Weylan Harding

Profile
- Position: Defensive back

Personal information
- Born: January 5, 1972 (age 54) Houston, Texas, U.S.
- Listed height: 5 ft 10 in (1.78 m)
- Listed weight: 180 lb (82 kg)

Career information
- High school: Klein (Spring, Texas)
- College: Iowa State

Career history

Playing
- Iowa Barnstormers (1995–1996); Nashville Kats (1997); Portland Forest Dragons (1999); Buffalo Destroyers (2000);

Coaching
- New York Dragons (2005–2008) Head coach;
- Stats at ArenaFan.com

= Weylan Harding =

American football player and coach (born 1972)

Weylan Harding (born January 5, 1972) is an American former professional football coach and player.

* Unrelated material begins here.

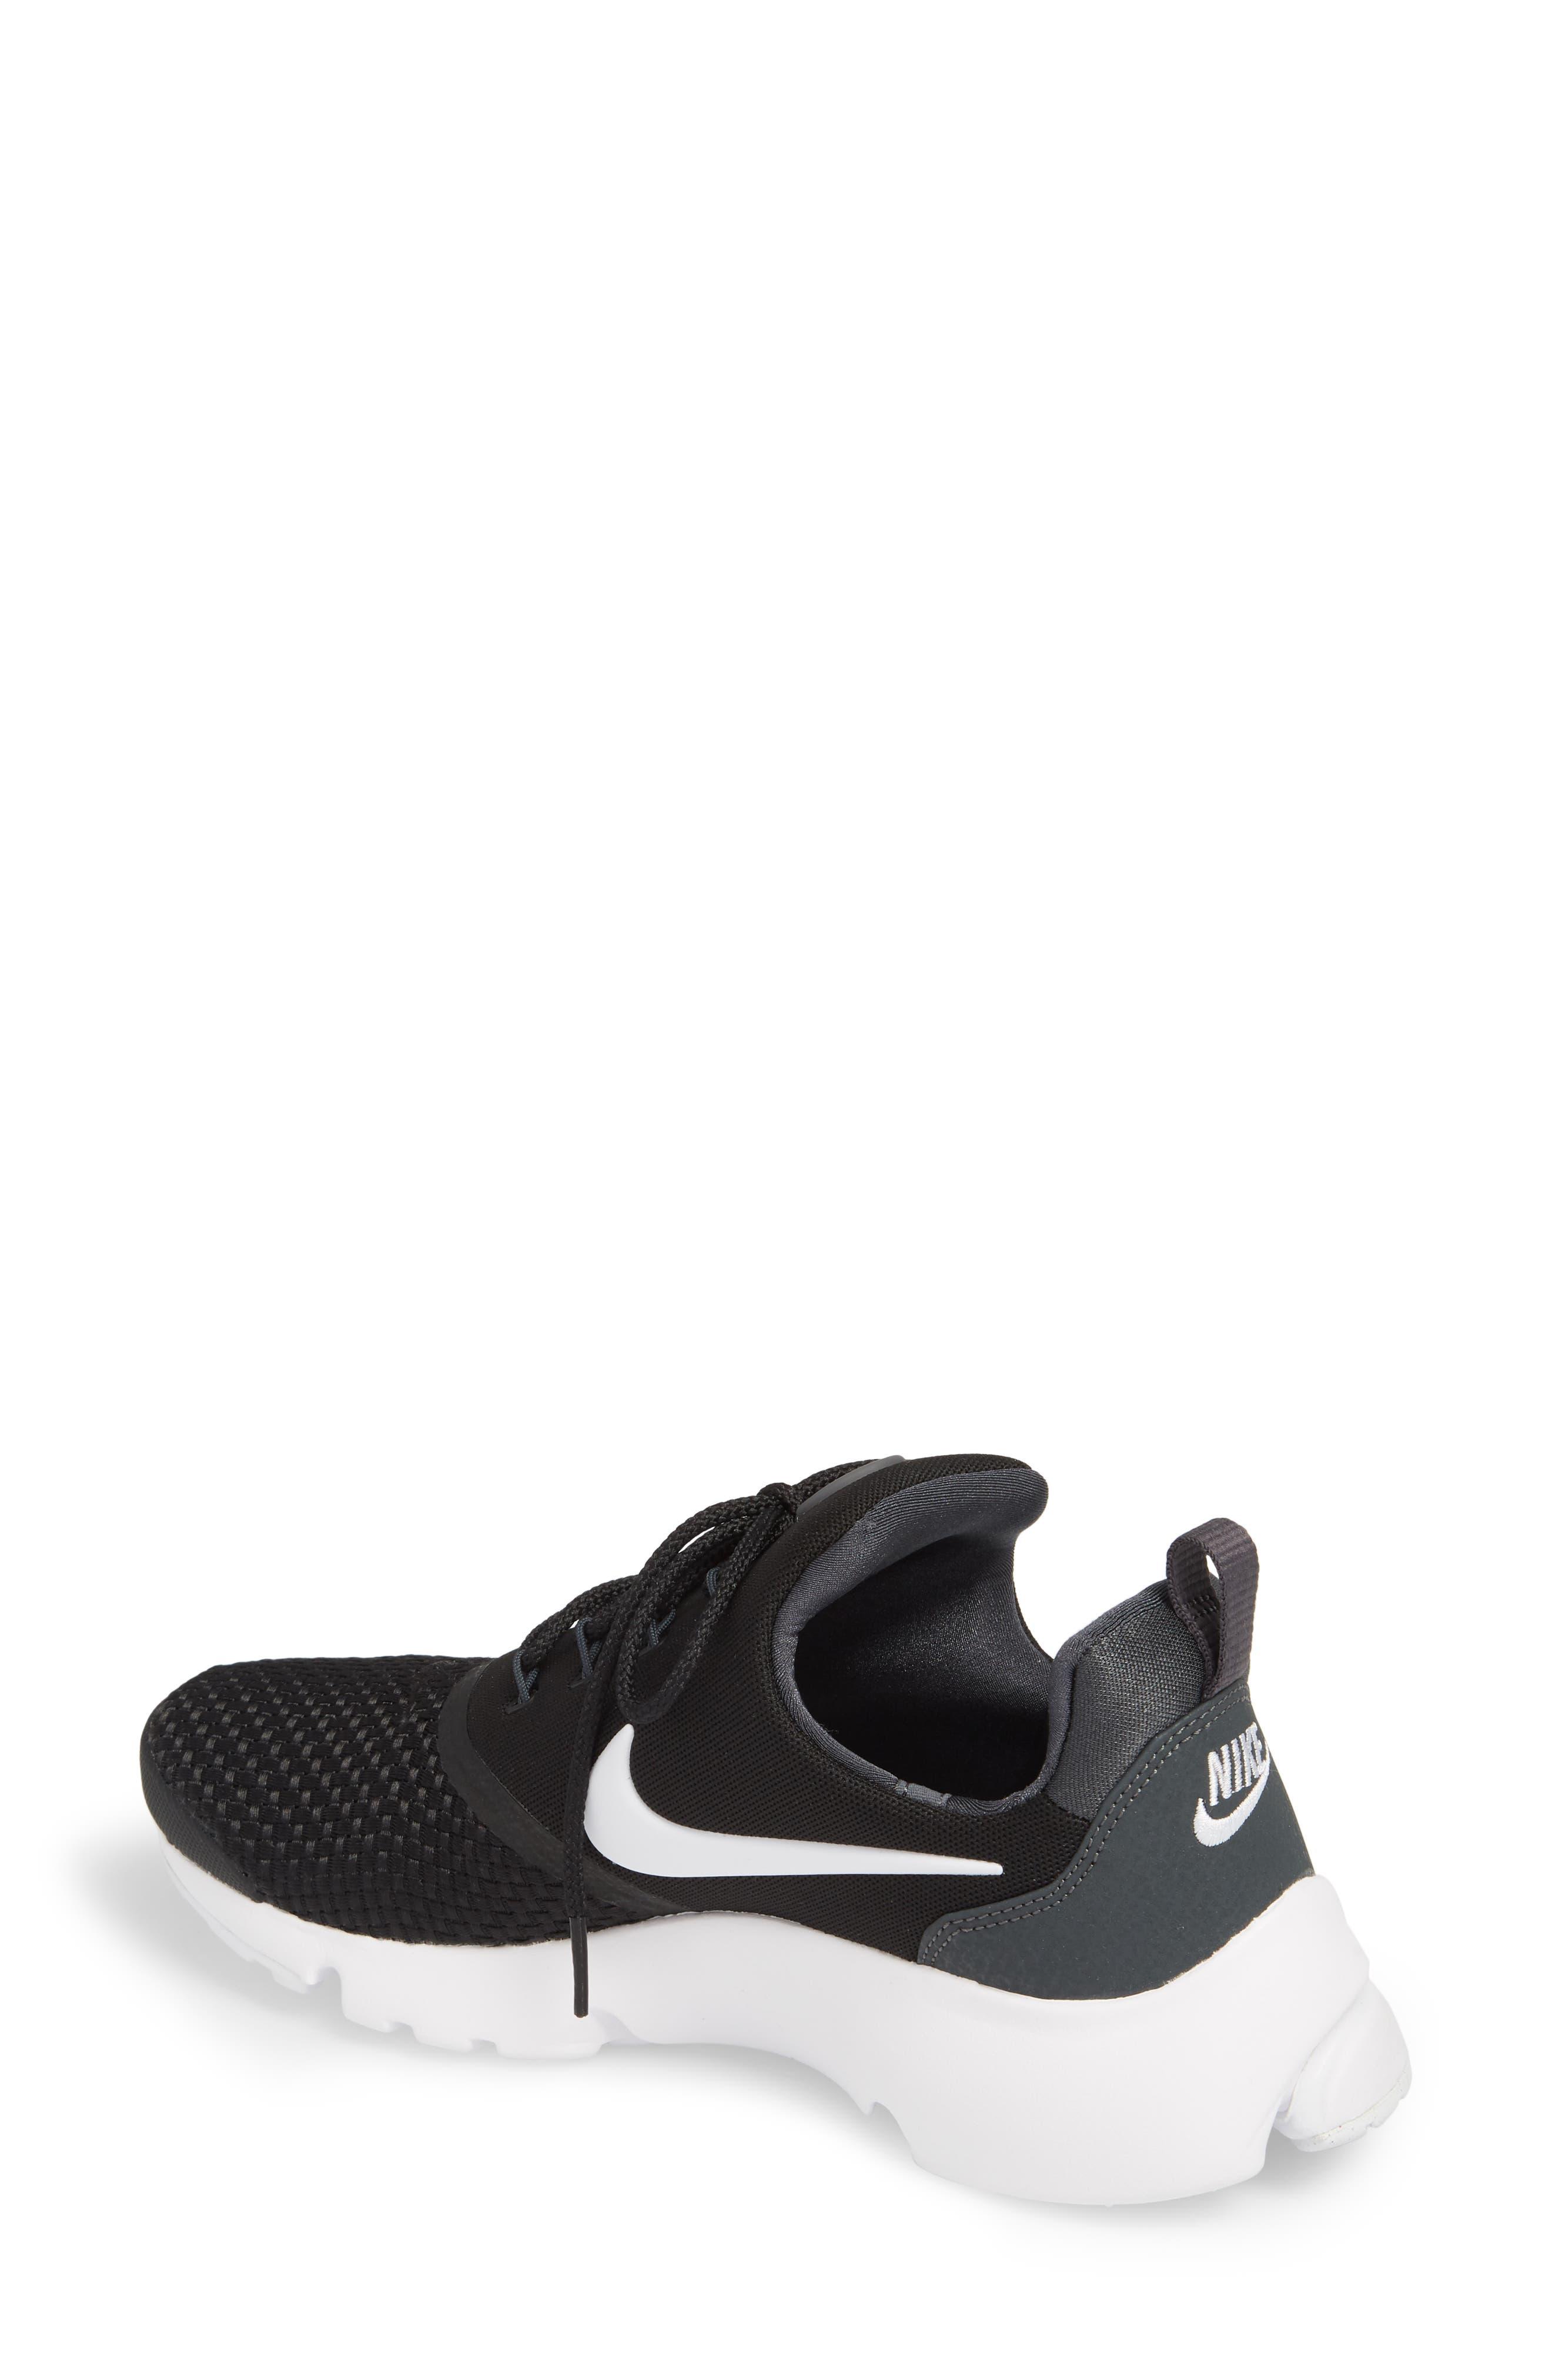 Presto Fly Sneaker,                             Alternate thumbnail 2, color,                             BLACK/ WHITE/ ANTHRACITE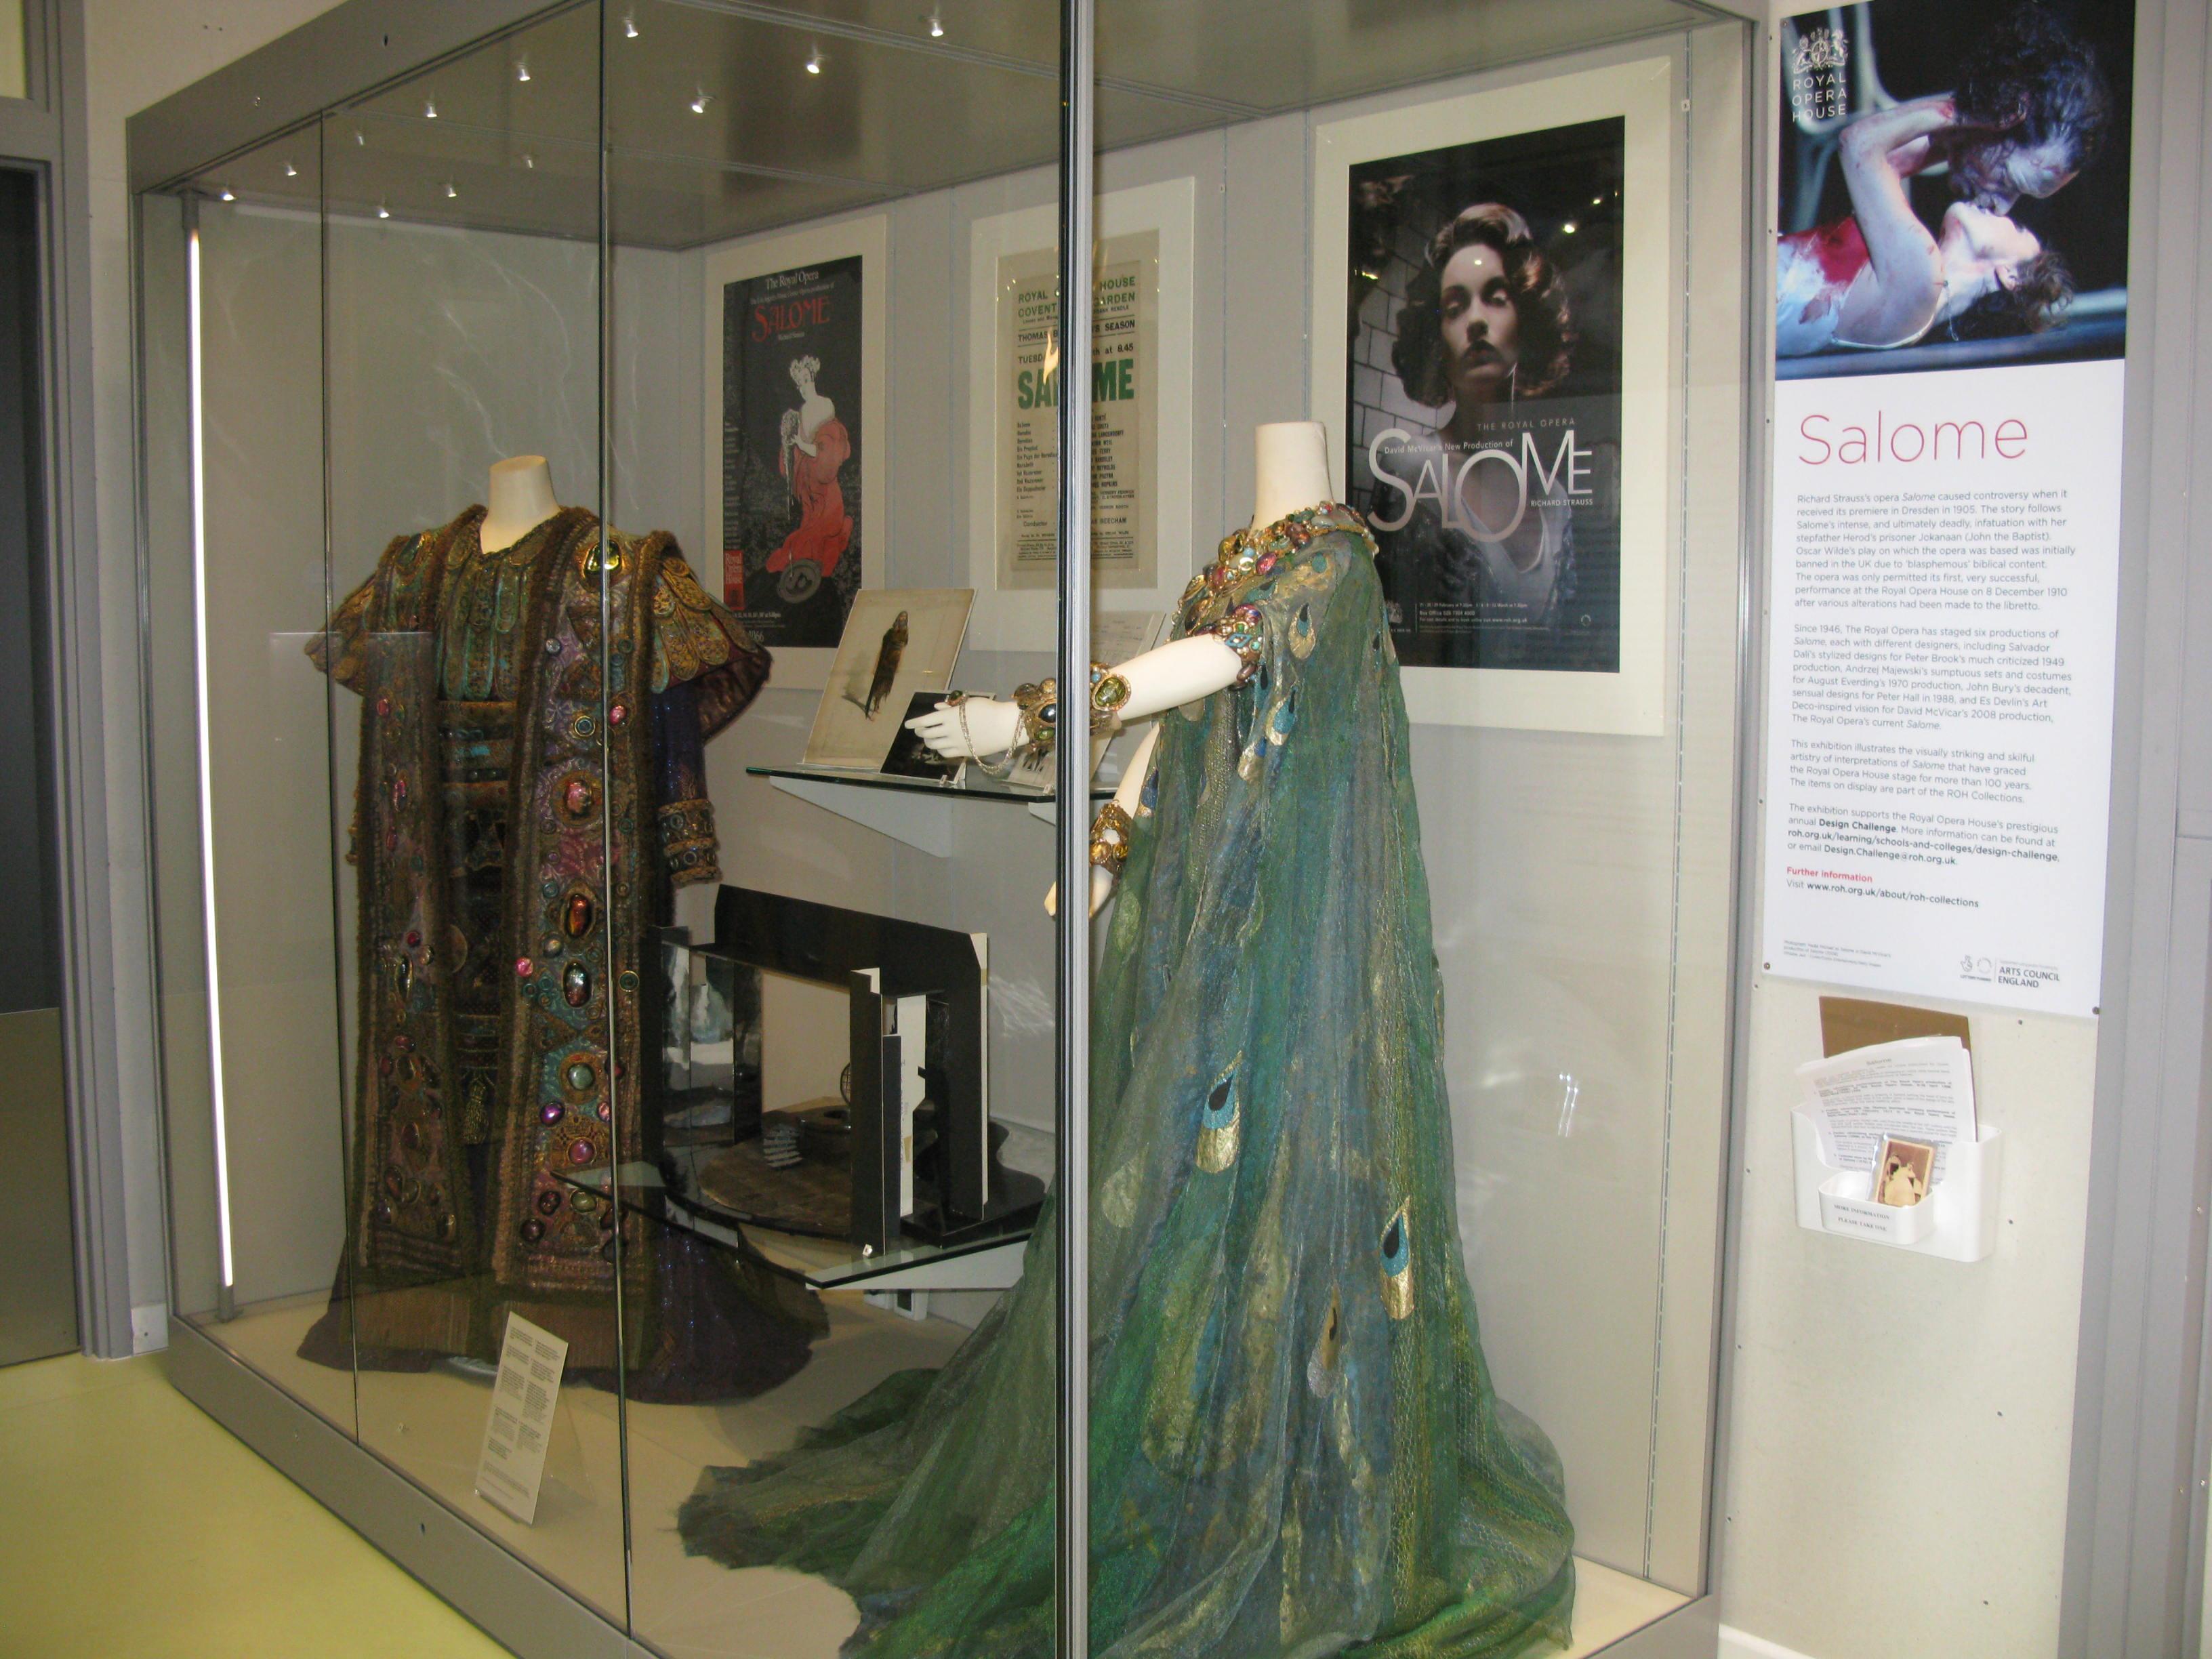 Salome exhibition

He was the head coach of the New York Dragons of the Arena Football League.

==Early life==
Harding attended Klein High School in Spring, Texas and was a student and a letterman in football. In football, he was an All-Conference selection and an All-Greater Houston selection. He attended Iowa State University, where he played defense on the school's football team. He majored in English.

==Playing career==
In his playing career, he was a defensive specialist for the Iowa Barnstormers (now the Dragons), the former Nashville Kats (now the Georgia Force), the now-defunct Portland Forest Dragons, and the Buffalo Destroyers (now the Columbus Destroyers). He retired as a player in 2000.

==Coaching career==
At the start of the 2005 season, Harding's first year leading the Dragons, he was 33 years old, making him the second youngest head coach in the history of the league. He had previously worked in the Buffalo Destroyers organization starting in 2000. After the Destroyers moved to Columbus, Ohio he became the team's defensive coordinator in 2002 and returned in 2004.